* **Task objective**
The answer is an exact copy of the lines from the one with "Golubac Fortress on" to the end of the listing below, pictures left out.

* **Provided material**
>>

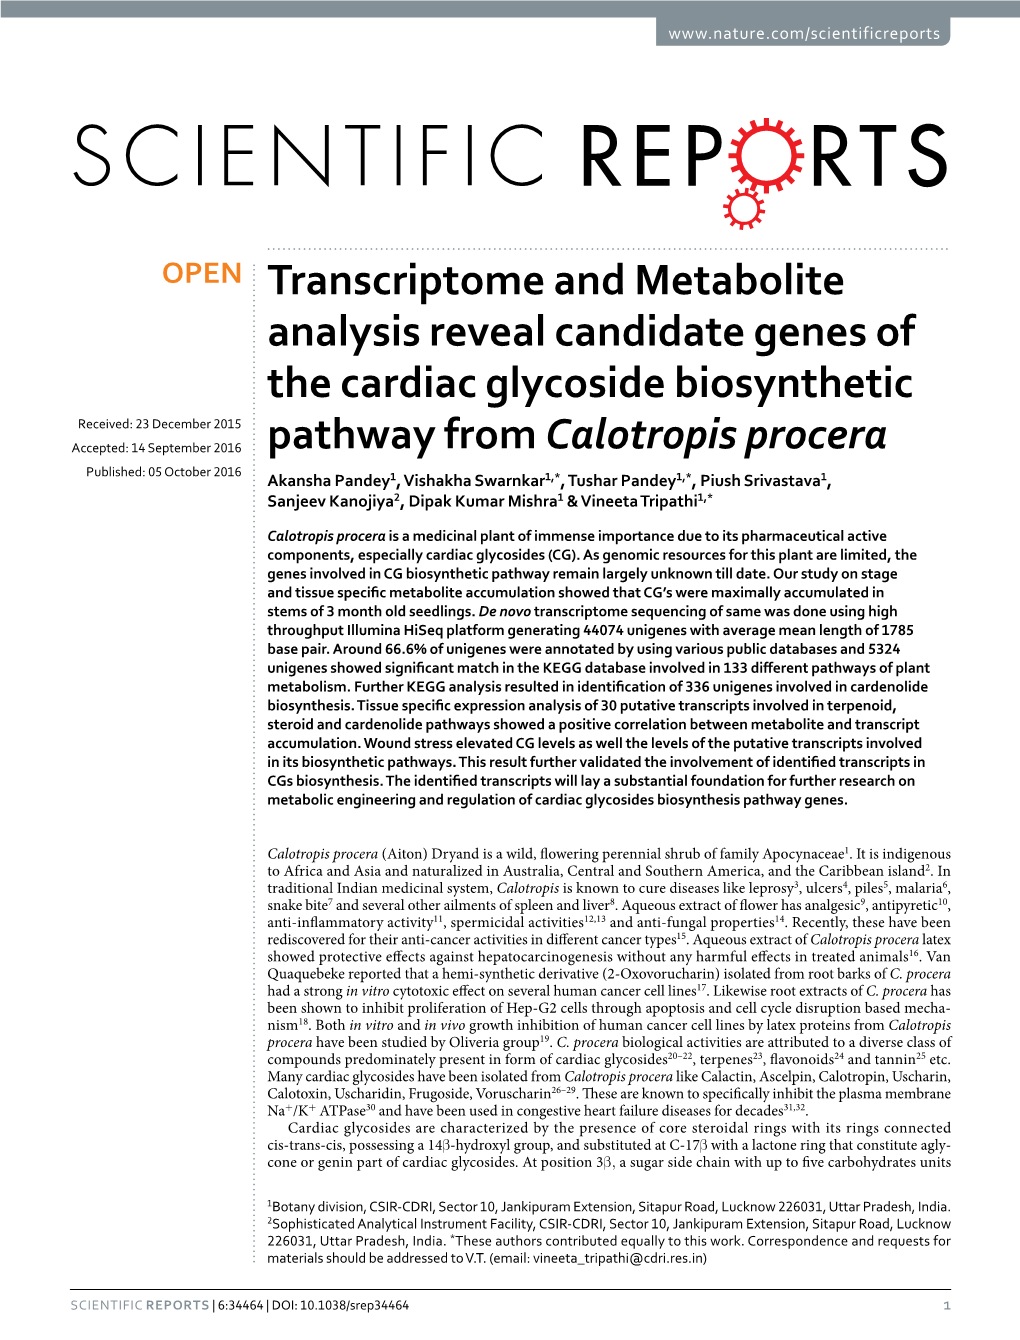 Transcriptome and Metabolite Analysis Reveal Candidate Genes Of
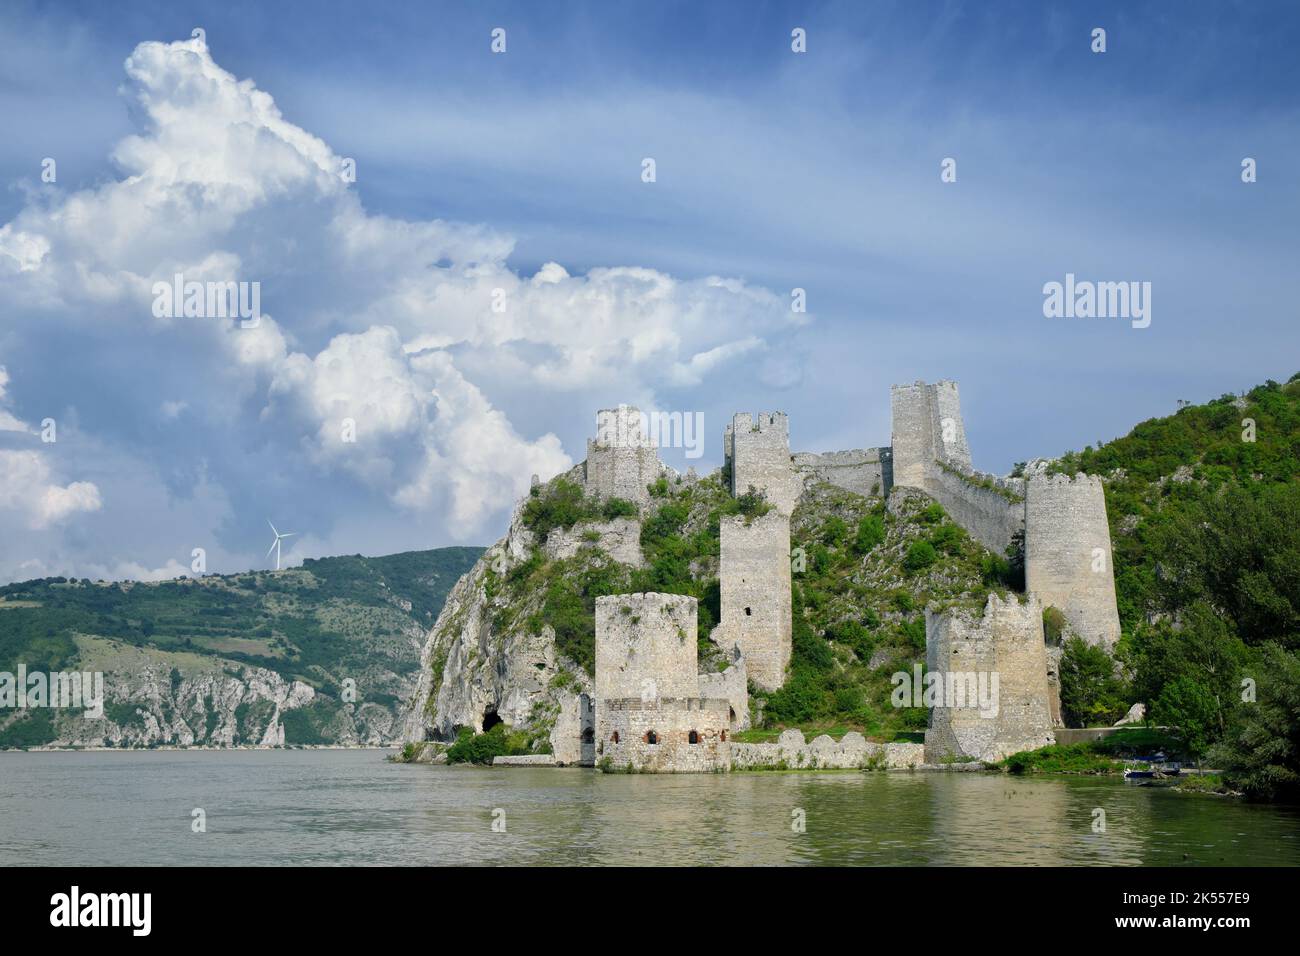 Golubac Fortress on Danube River before reconstruction, Serbia Stock Photo
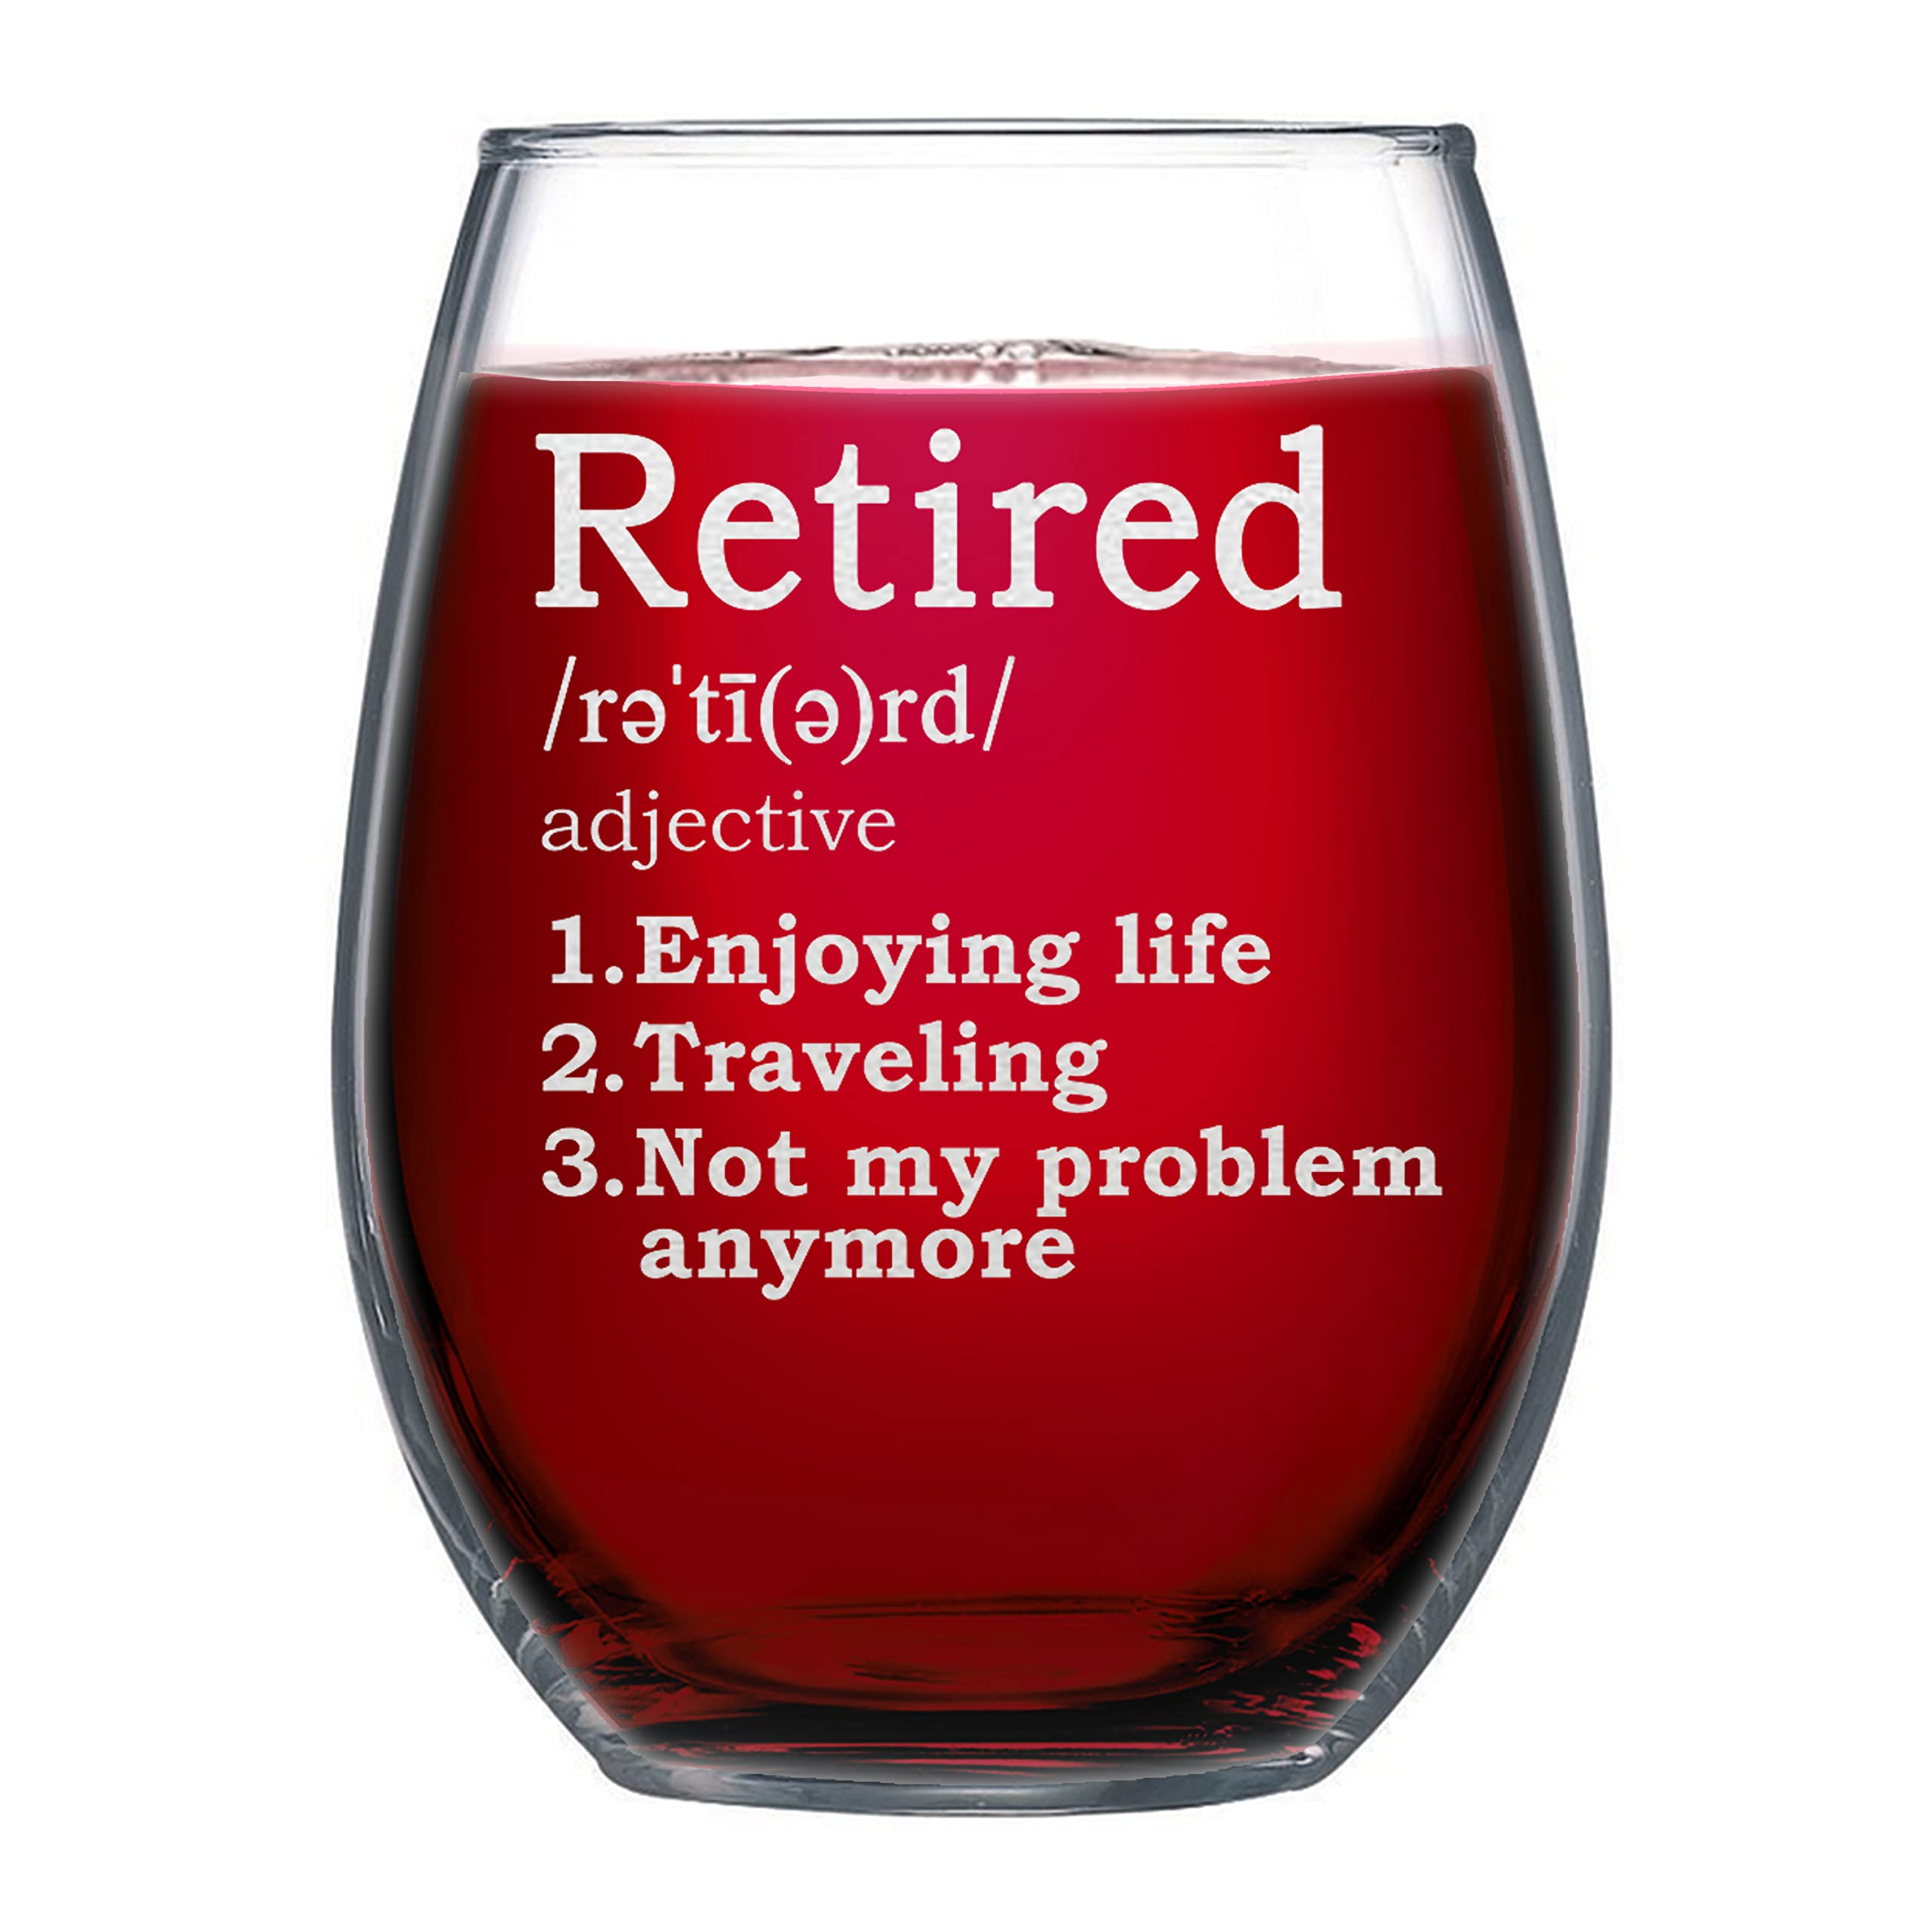 NeeNoNex Retired Definition - Wine Glass Funny and Great Retirement Gift for Coworkers Boss Mom Dad Funny Dictionary Definition

<<

* **Response area**
 Golubac Fortress on Danube River before reconstruction, Serbia Stock Photo
 NeeNoNex Retired Definition - Wine Glass Funny and Great Retirement Gift for Coworkers Boss Mom Dad Funny Dictionary Definition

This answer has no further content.